The T4 profile presents similar facies to the previous one regarding the succession of registries of sandy clay texture’s vertical accretion, with possible sandier lateral-accretion facies underlying the organic horizon. Dating, however, identified a Holocene age for this package, unlike the previous one, which dates back to the Pleistocene.
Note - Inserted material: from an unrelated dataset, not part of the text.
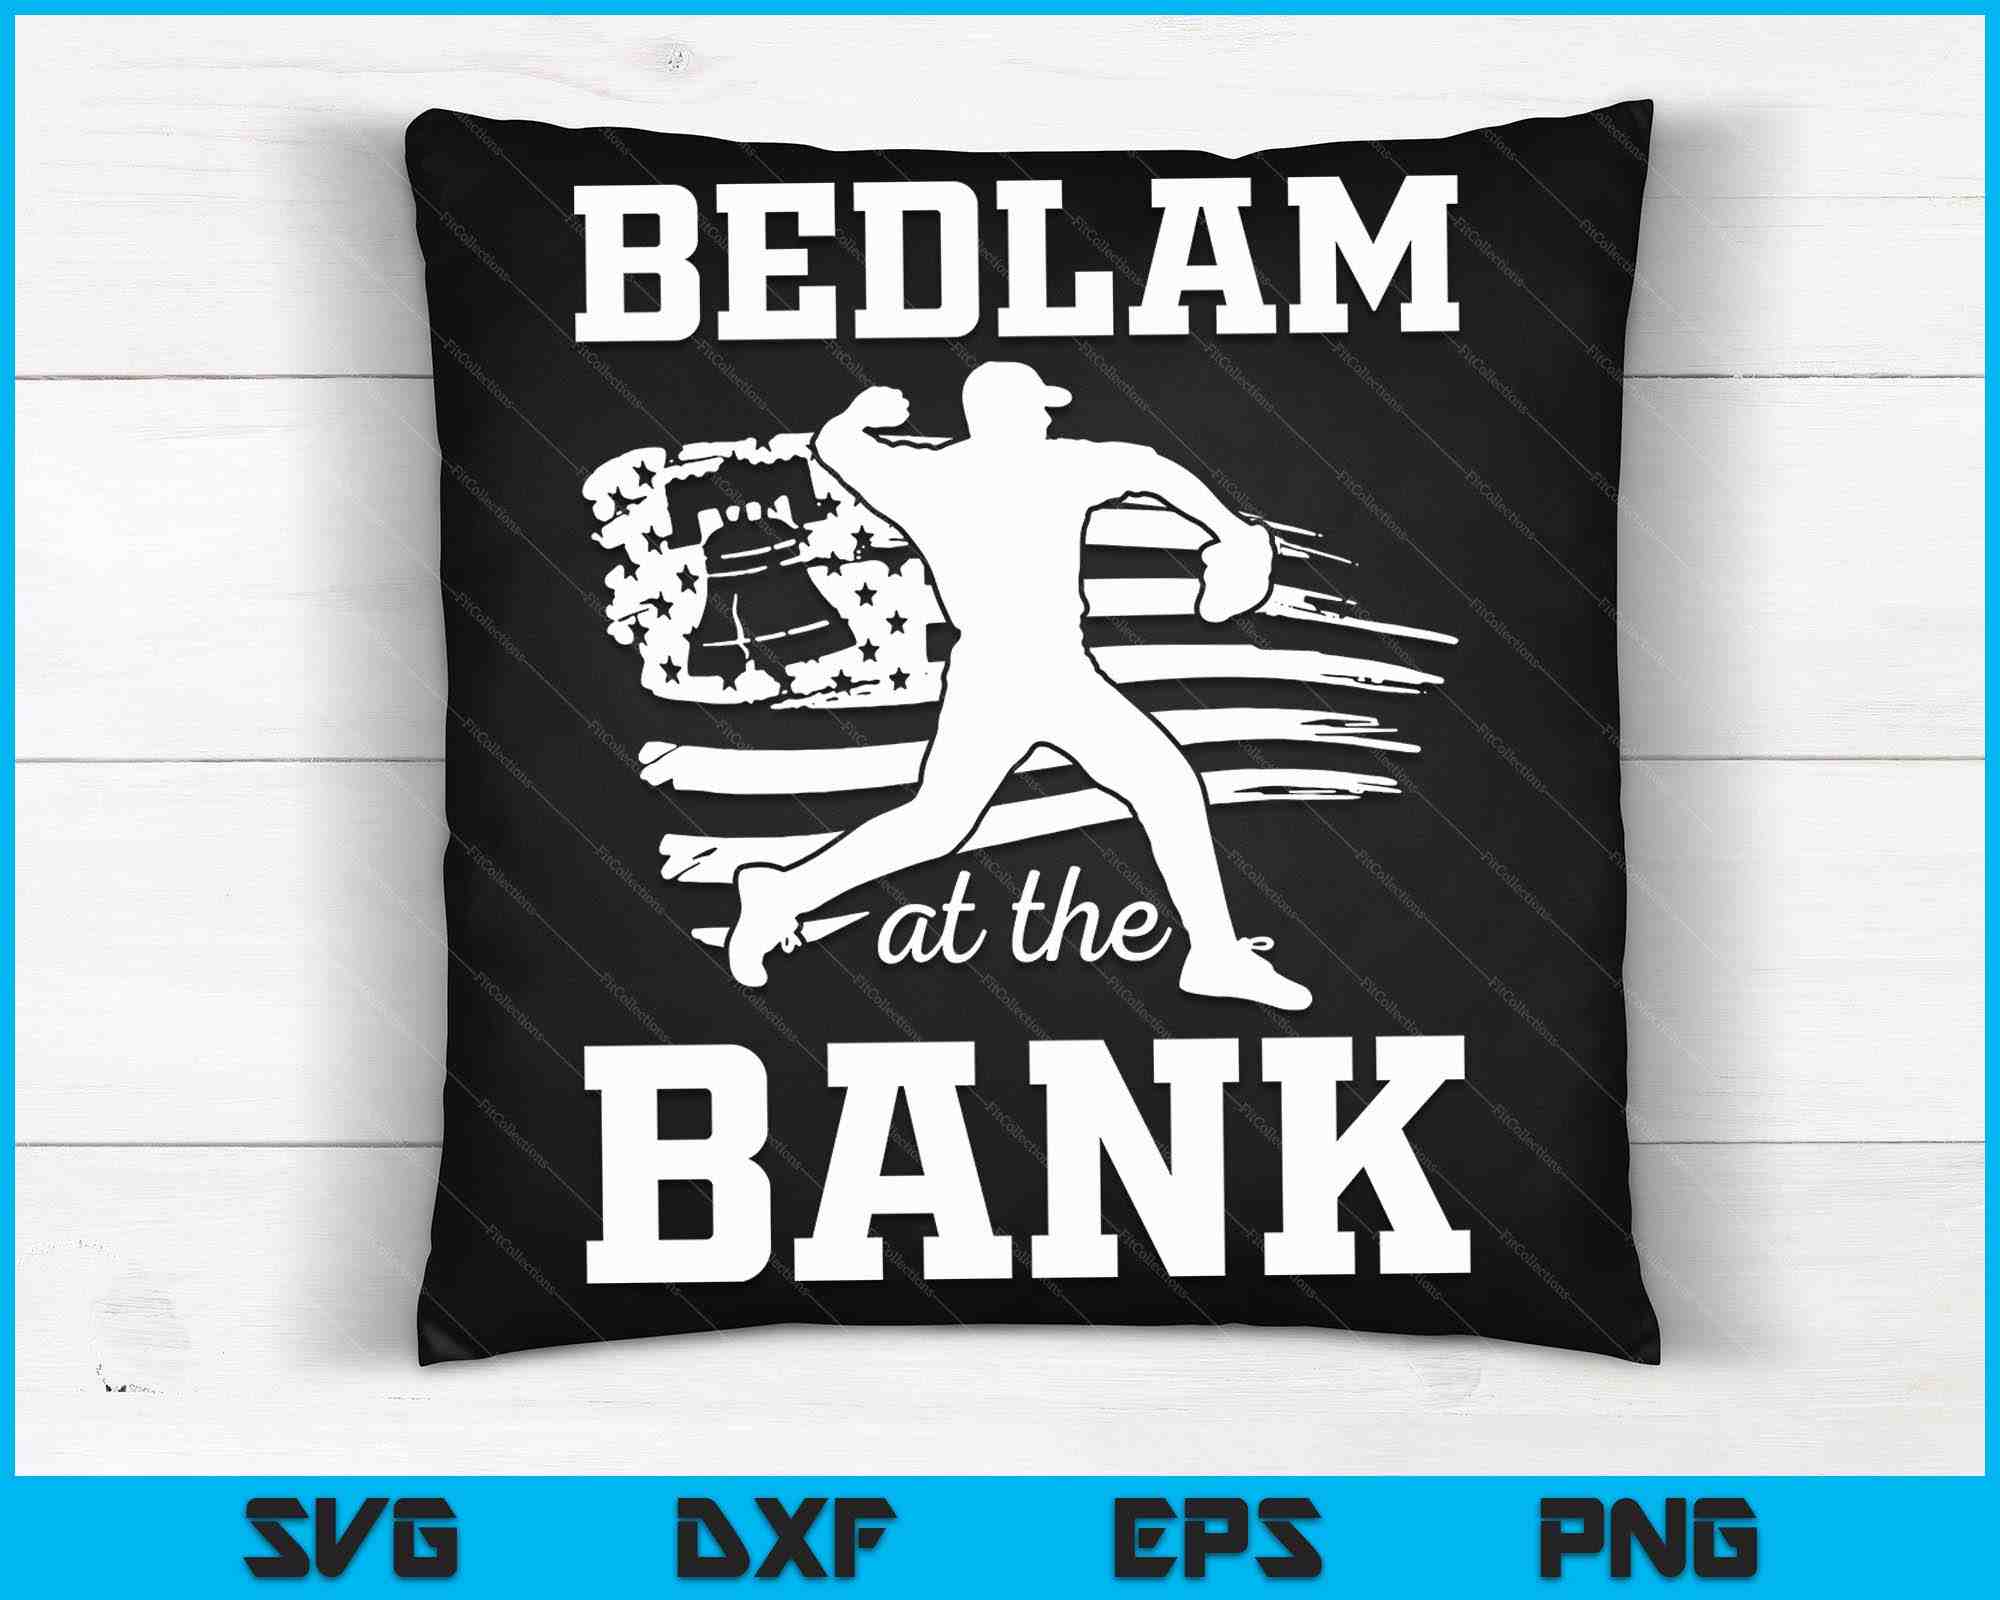 Philadelphia Phillies on X: Bedlam at the Bank

This depositional body is located 2.7 m above the local base level, more than twice the 1.2 meters observed for the previously described deposit, suggesting a more intense rework, which was possible sheltered in a more prominent unevenness with the fluvial work zone, which allowed for the conservation of more expressive organic horizons that were formed during the Holocene.
The sampled deposit in T5 also has a New Pleistocene buried organic horizon, with a 1.5-meter unevenness in relation to the local base level. The material is in fluvial terraces genetically connected to the depositional work of the Cambuí stream. It suggests a movement in the horst/graben contact, with deformation of deposits, rocky outcrops in terraces and at the base of the slopes, besides the presence of an inverse fault with overlying immature soils.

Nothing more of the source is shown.